What was not tested:

  1. The AIXI/BDM/CTM baseline is not a fair comparison. AIXI is a theoretical construct instantiated specifically for algorithmic compression tasks — it is purpose-built for exactly this problem class. Comparing it to LLMs on recursive compression is like comparing a calculator to a language model on arithmetic. The comparison establishes that the problem is solvable (existence proof) but says nothing about whether general-purpose systems could solve it with appropriate prompting, tool use, or fine-tuning. The authors present this as evidence of LLM architectural limitations, but the real conclusion is narrower: LLMs-as-deployed, with standard prompting, cannot do this.

  2. No chain-of-thought, tool-use, or agentic configurations were tested. The paper evaluates LLMs in single-turn generation mode. Current practice (and this KB's methodology) emphasizes that agent architectures with tool access, iterative refinement, and verification loops can solve problems that single-turn generation cannot. SuperARC's finding that LLMs "cannot compress" may be more precisely: LLMs in single-turn mode don't produce compressed solutions. Whether an LLM-with-Python-interpreter or an LLM-orchestrating-a-search-loop could improve is untested.

  3. The "newer models regress" claim is based on a small version comparison without controlling for prompting strategy, temperature, or system prompt differences across model generations.
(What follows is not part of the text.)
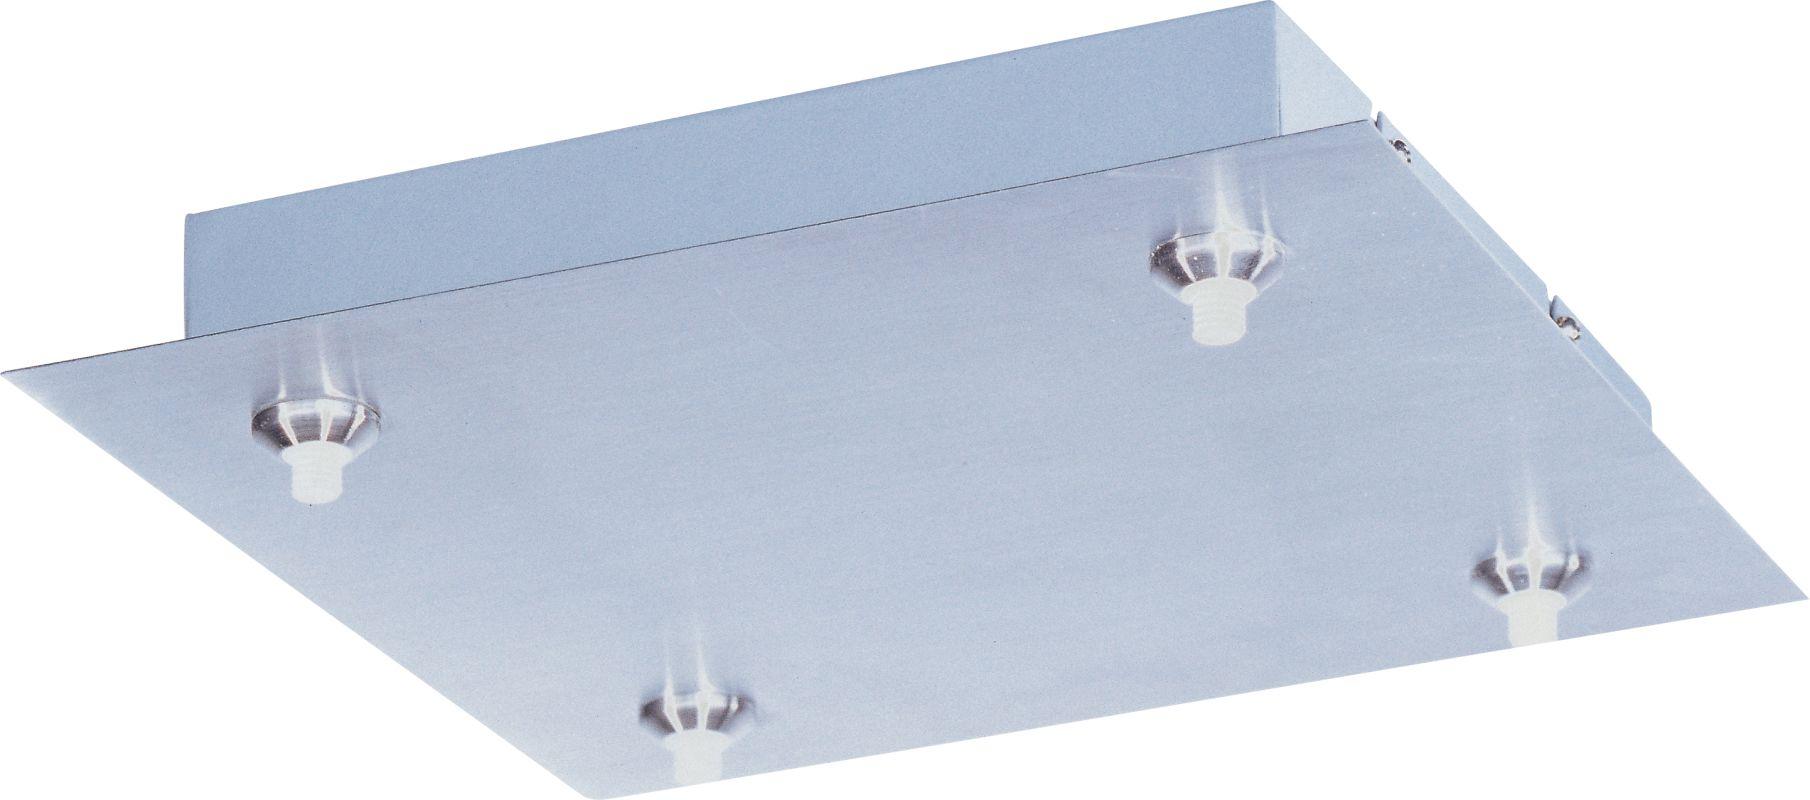 ET2 EC95004 RapidJack 4 Light Canopy Satin Nickel Accessory Canopies

It could reflect changes in default behavior (e.g., newer models are more verbose or more cautious about code generation) rather than loss of algorithmic capability.

  4. Binary sequences may not generalize to all forms of abstraction. The paper claims to test "abstraction and prediction" broadly, but it specifically tests recursive compression of binary/integer sequences. Other forms of abstraction — analogical reasoning, conceptual generalization, structural transfer — are not measured. The conclusion that LLMs lack abstraction capability is stronger than the evidence supports; the evidence supports only that LLMs lack algorithmic compression capability.
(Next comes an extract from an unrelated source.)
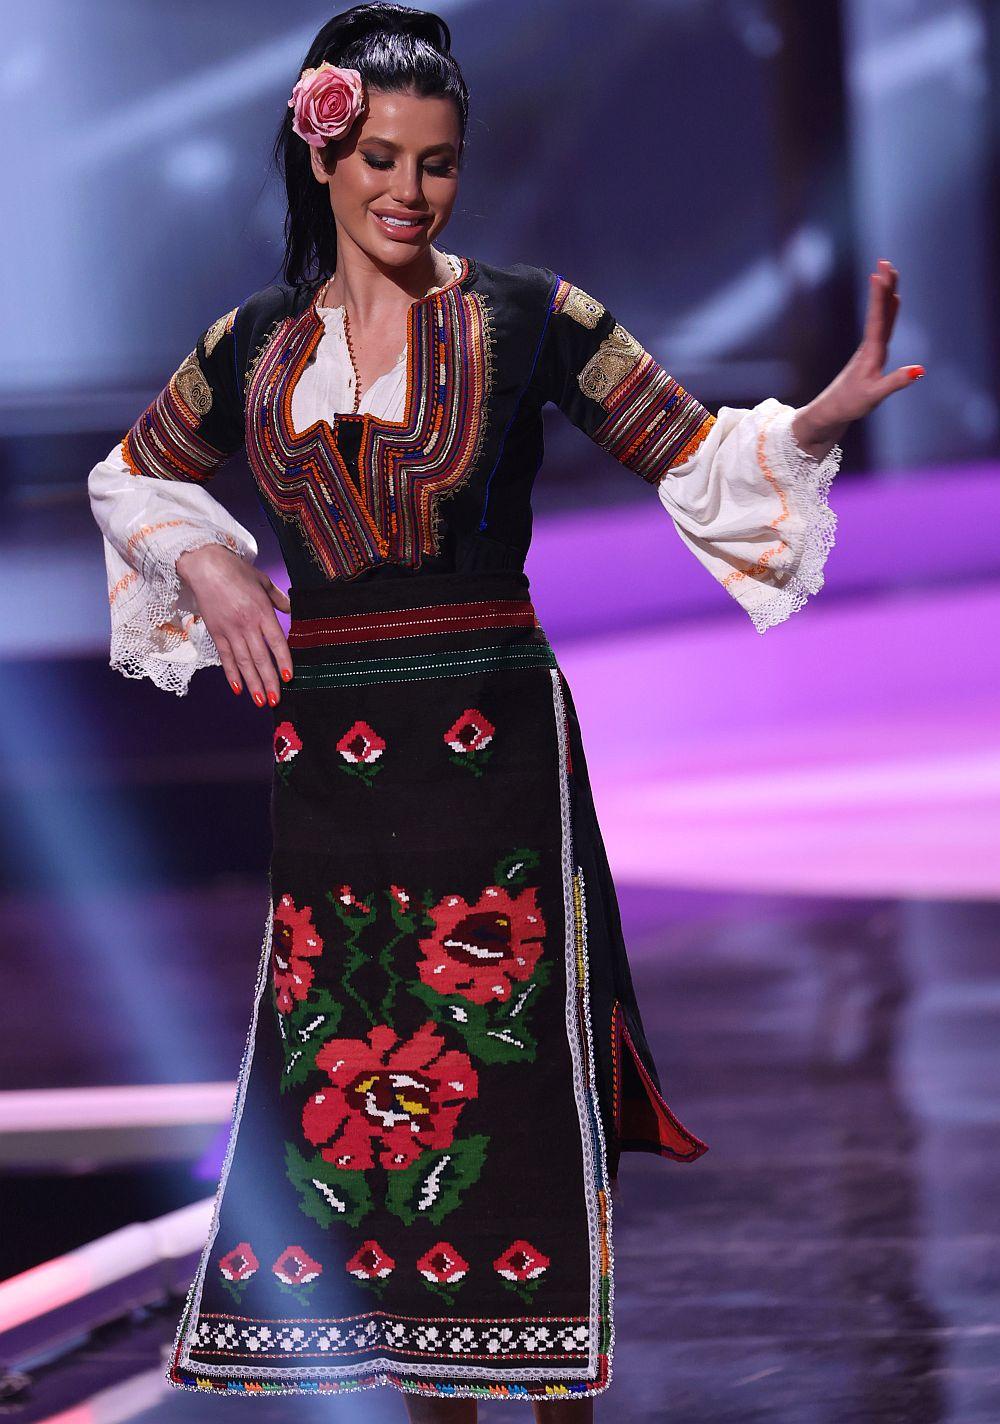 Мис България Радинела Чушева

  5. No ablation on sequence difficulty distribution. The 100 binary sequences were categorized by algorithmic complexity, but the paper doesn't report how performance varies across the complexity spectrum in a way that would reveal whether there's a threshold effect or a smooth degradation. This matters for understanding whether the failure is total or partial.

  6. Author positioning. The research group develops CTM/BDM methods and has a clear interest in demonstrating that their approach outperforms LLMs. The benchmark was designed by the same team that builds the winning baseline. This is common in ML research but worth noting — independent replication on the SuperARC benchmark would strengthen the findings substantially.
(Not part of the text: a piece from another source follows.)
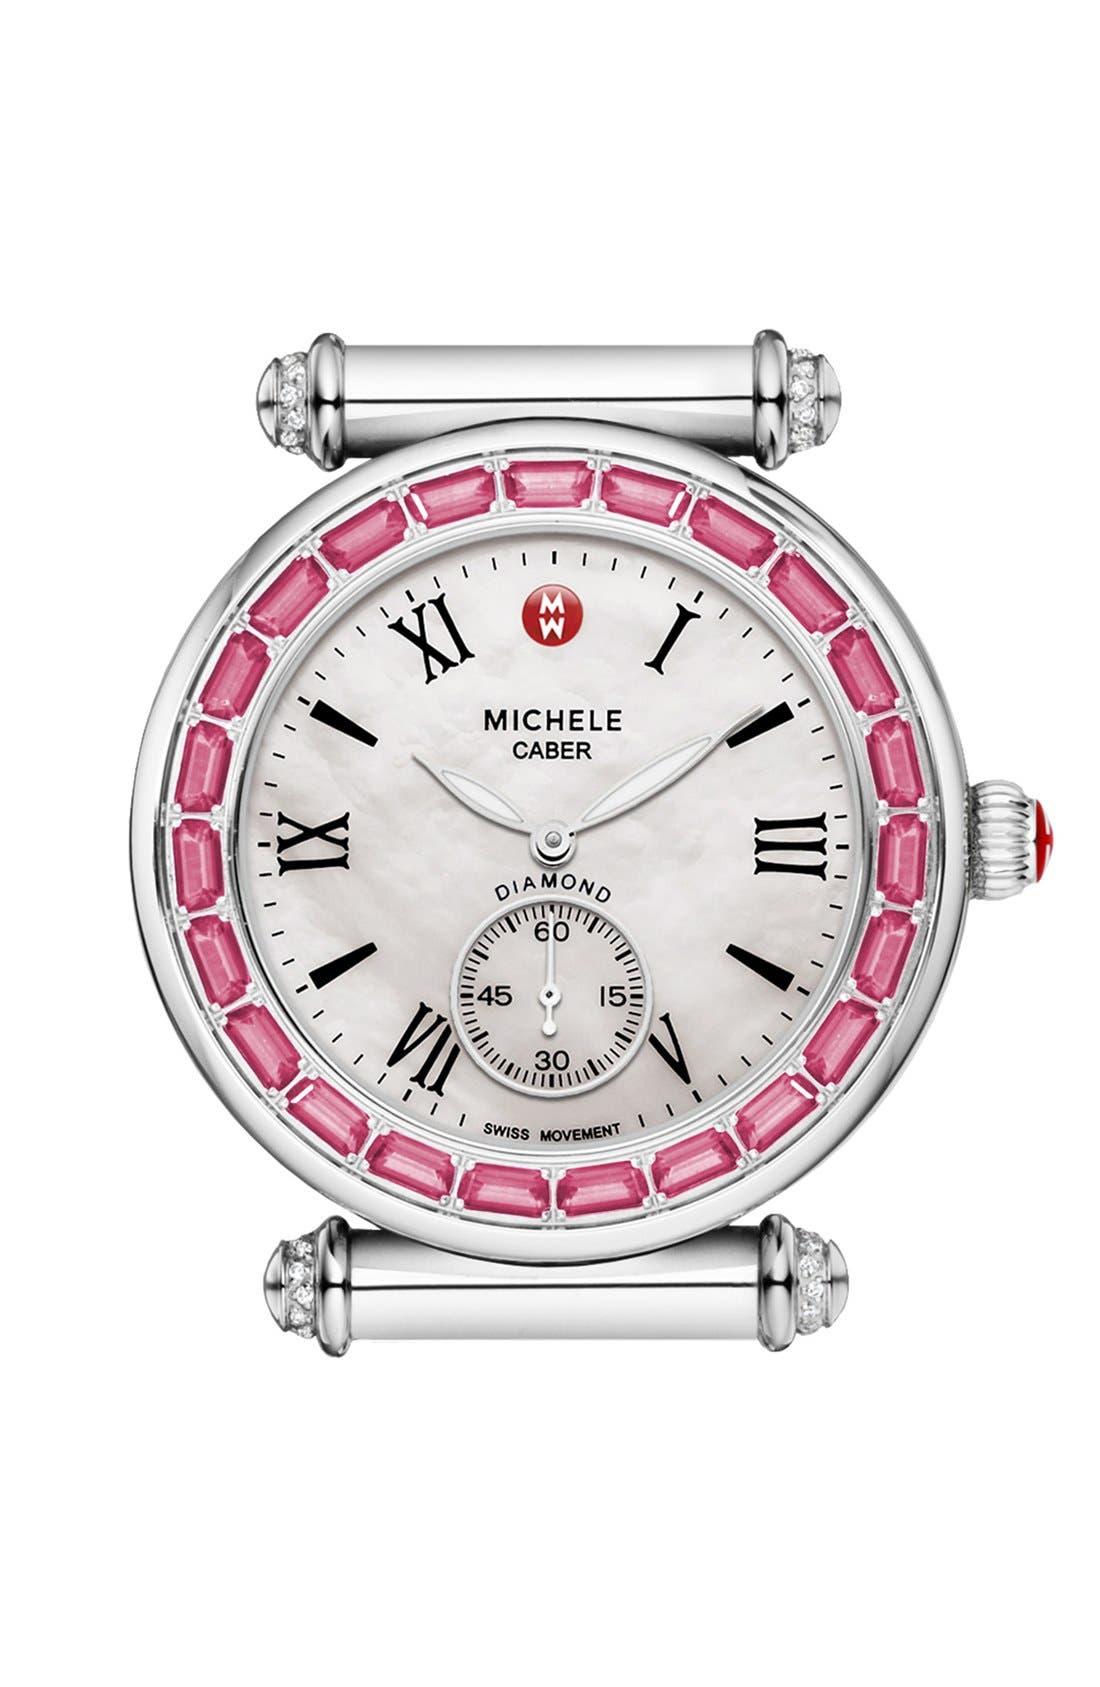 Main Image - MICHELE 'Caber' Diamond Watch Case, 37mm

Write a note titled "LLMs fail categorically on well-specified problems that strip training-distribution cues" connecting to bitter-lesson-boundary, first-principles-reasoning-selects-for-explanatory-reach-over-adaptive-fit, and oracle-strength-spectrum. It would catalog the converging evidence from SuperARC, EsoLang-Bench, Pathway/Sudoku-Bench, and Ebrahimi's induction-bias work, identify the shared structural properties of these problem domains (well-specified, hard-oracle verifiable, no training-distribution shortcuts), and argue that these failures map to the arithmetic regime of the bitter lesson boundary — where purpose-built symbolic methods are the calculator, not a stopgap.